As the month of May rolls around again, I am reminded of two dates from that month: May 4th and May 14th. These are the anniversaries of the 1970 murders of student antiwar protestors at Kent State University in Ohio and Jackson State College in Mississippi by military and lawmen. These murders marked a turning point in the war and the protest against it. The antiwar movement grew up with those murders. Now, protest meant risking one's life. The U.S. government had made it clear once and for all that it would tolerate only so much dissent. Of course, African-American and other protestors of color-and the revolutionary anti-imperialist wing of the antiwar movement-had known this all along. After the original burst of anger that brought millions into the streets and shut down universities and high schools around the country, many protestors put away their banners and raised fists for a life with less confrontation. The rest of us reaffirmed our commitment to do whatever it took to stop the war.
I've jotted down some memories from those days in early May 1970. My dad returned from Da Nang, Vietnam in February of that year, where he had spent the previous year as an officer in the Air Force. I had become more opposed to the war during that same time. I was in ninth grade.
We moved to Frankfurt am Main in March 1970. Within a week, my siblings and I were back in school. The junior high I attended was on the other side of the city on a military compound. It had been a German women's prison prior to its utilization as a school. The school building was surrounded by a twelve foot high wall. Each of its corners held an empty guard tower. Most of the students felt that prison was an appropriate metaphor for their experiences there. I made a few friends pretty quickly.
This always happened on military bases since most of the students were always in transit, but the fact that I owned some rock records that hadn't made it to the Post Exchange or into the German music stores certainly helped. With most students feeling that the epicenter of our (counter)culture lay in the U.S., anyone who arrived from the States and was just a little bit hip was milked for updates on what was really happening. Neither the Stars & Stripes newspaper nor the Armed Forces Radio Network were providing that kind of news. The only news the Stars and Stripes was really good for was sports news, and that wasn't something I discussed with my new counterculture friends.

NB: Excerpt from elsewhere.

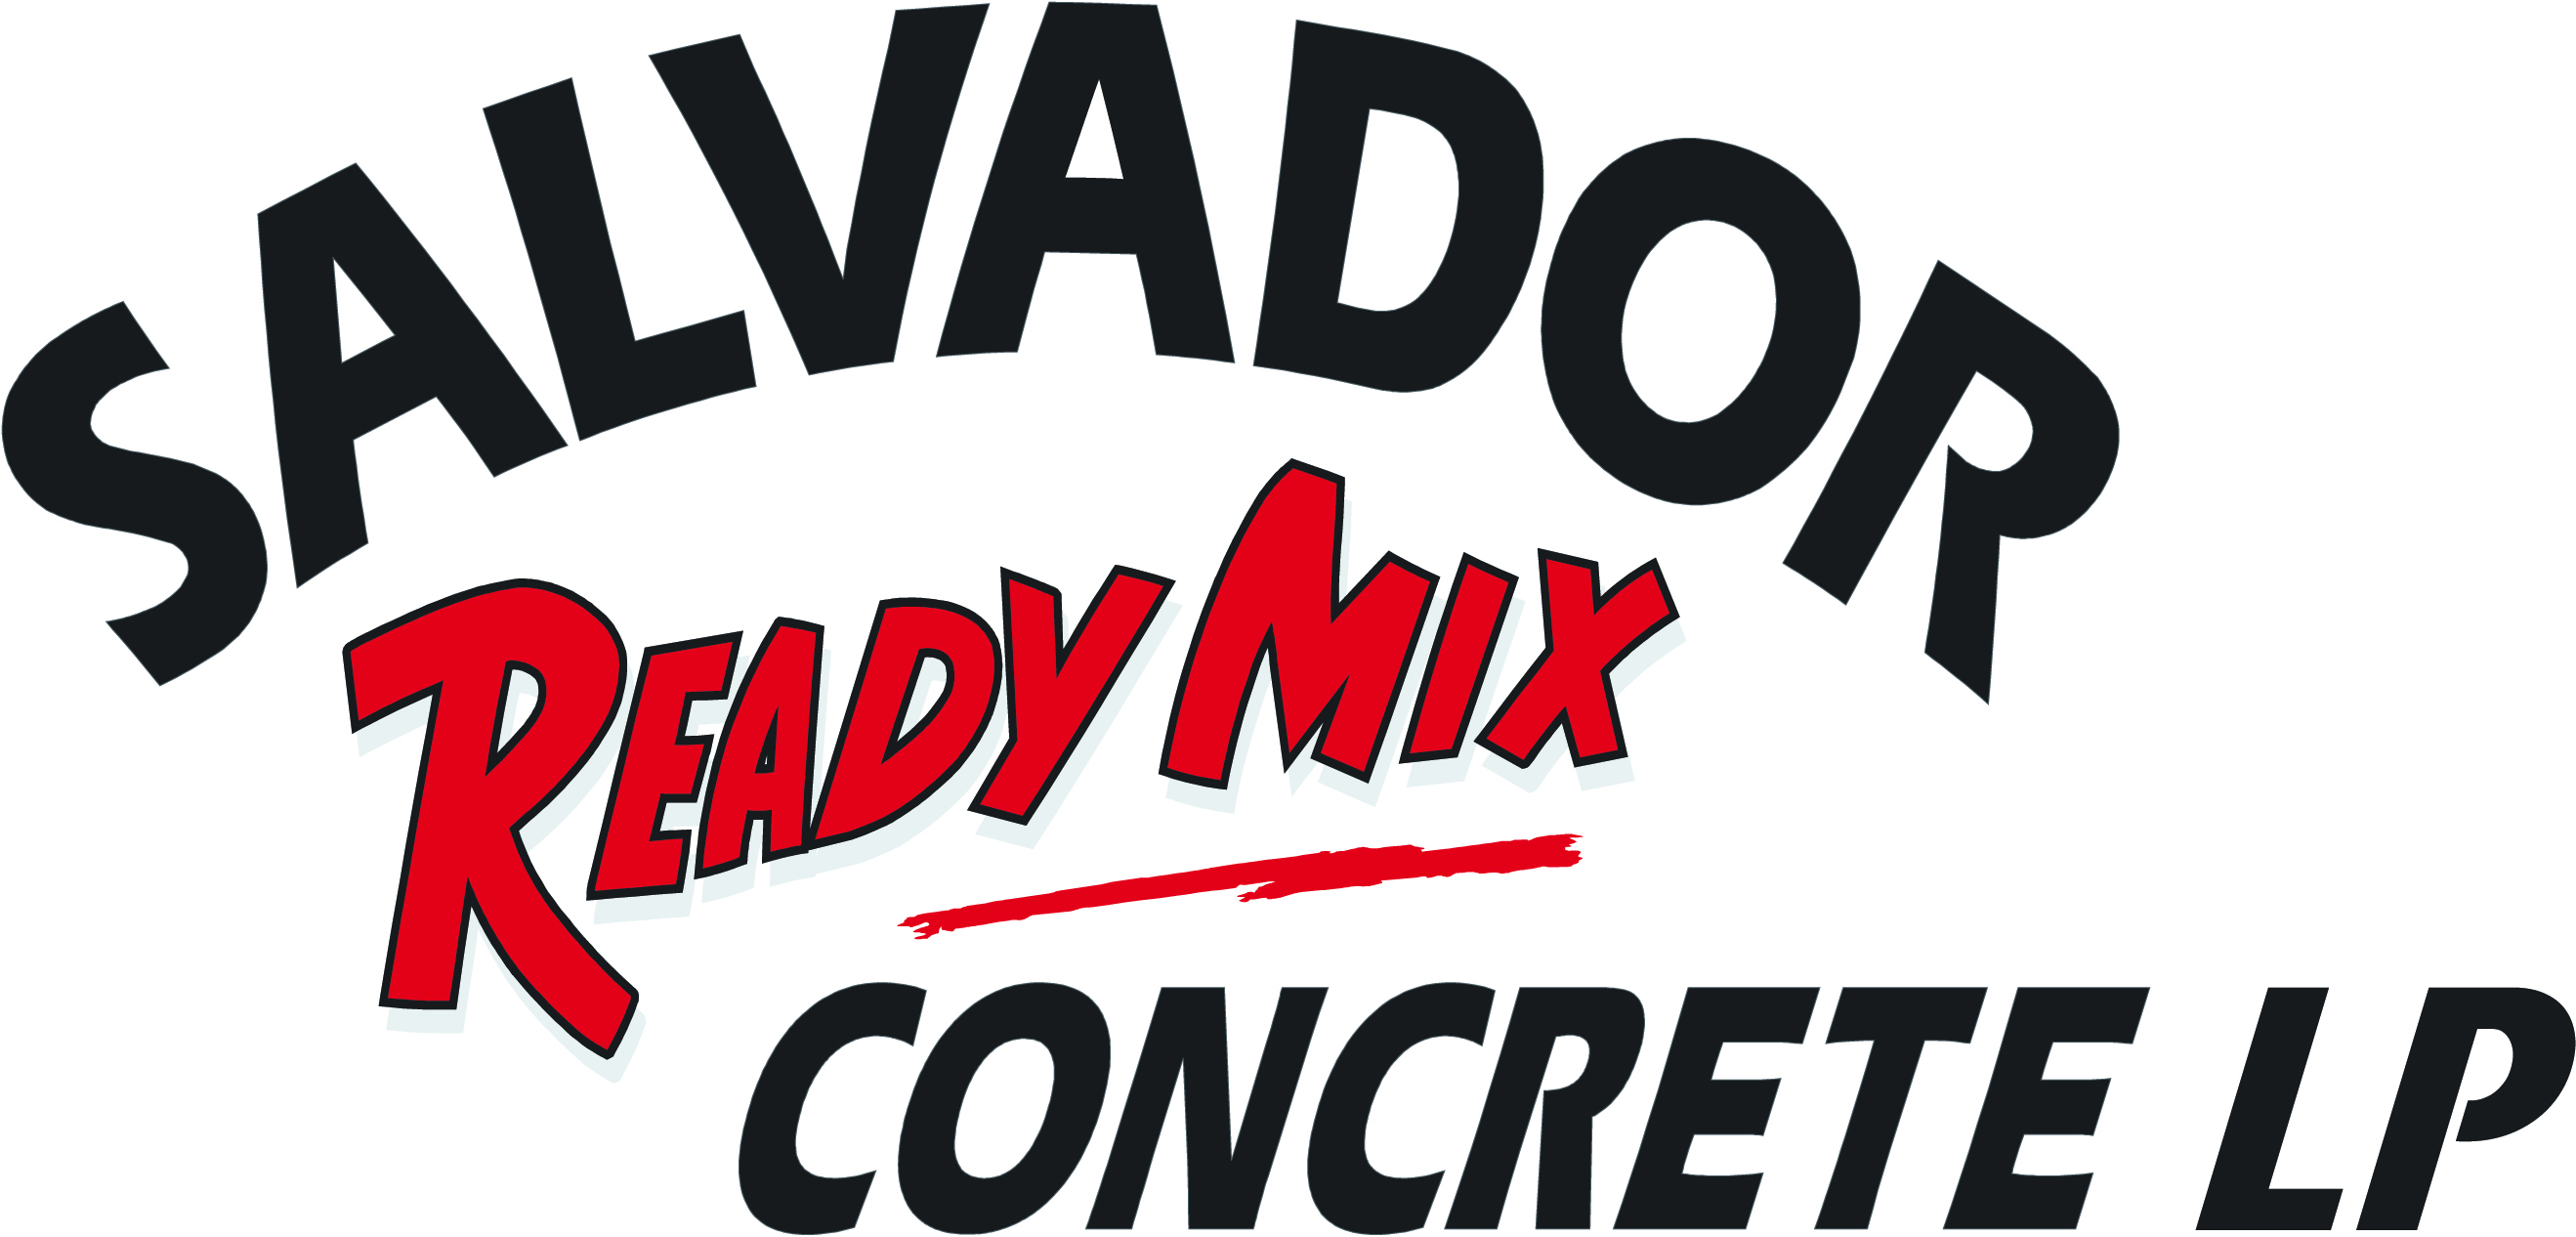 Salvador Ready Mix Concrete is hiring!

When I awoke on May 1 that year, I was, like many other people in the world, incredulous and pissed off that Nixon had sent troops into Cambodia. Although my political awareness was still relatively unformed, it had taken me no time to realize that Richard Nixon was a pig. Still, I didn't think he or anyone else would actually expand the war in Southeast Asia when everybody--including my dad--wanted it to end. When I went to the kitchen for breakfast my father was still there and we had a short debate about the invasion before he headed off to work. That interaction got me fired up for a day of debate. Sure enough, even though homeroom was run by the gym teacher (a man with the last name of Agnew who usually didn't talk about anything other than sports), we spent the whole class period arguing about the war. By the time civics class came up right before lunch, some of the more radical students (whom I was just beginning to know) were trying to organize some kind of protest. However, since the weekend was coming up, nothing concrete was devised.
When we got back to school on Monday, May 4, most of us who cared had heard the news reports all weekend about the massive protests taking place all over the US against Nixon's move into Cambodia. In addition, the German students had kept the police busy all weekend in Frankfurt with constant rallies and marches against the invasion, of which I attended at least one. By noon on Monday, some hastily drawn posters began appearing on the walls of our junior high urging students to protest the war on Wednesday, May 6, by wearing black armbands and refusing to go to homeroom. Of course, as soon as the posters appeared, they were ripped down by administrators or a pro-war student or teacher. One girl was suspended when she refused to remove a poster she had just put up. That night I found some black material and made myself an armband.
Like always, I turned on the radio when I awoke the next morning, May 5th. I liked to listen to the news, especially when something big was happening. I was not prepared, however, for the news that morning. Nor do I think I will ever forget how I felt when I first heard it. Four students had been shot dead in Kent, Ohio by the National Guard while protesting the war. Several others were injured. I knew what Dylan meant when he sang of his tears of rage. My eyes were brimming over with such tears and my heart was pounding in anger and disbelief. I didn't say much as I got ready for school. My mom was silent as I read the Stars and Stripes report on the killings over Cheerios. My older sister and I talked about them while we ate.
I put my armband on while waiting for the school bus. Upon arriving at school, I searched for some of the kids most involved in the antiwar planning. In homeroom, Mr. Agnew read a memo from the principal expressing regret over the slayings in Ohio, but warned that no protest of any kind would be allowed at Frankfurt American Junior High School. The gym teacher (who I was beginning to believe opposed the war as much as I did) looked around, noting that three or four of us wore black armbands, and said nothing. One of the guys asked if he could read something relevant to the current events and the teacher said yes. Steve took out a copy of the text to Arlo Guthrie's antiwar poem "Alice's Restaurant Massacree" and began reading, complete with four-part harmony. By the time he finished, class was over.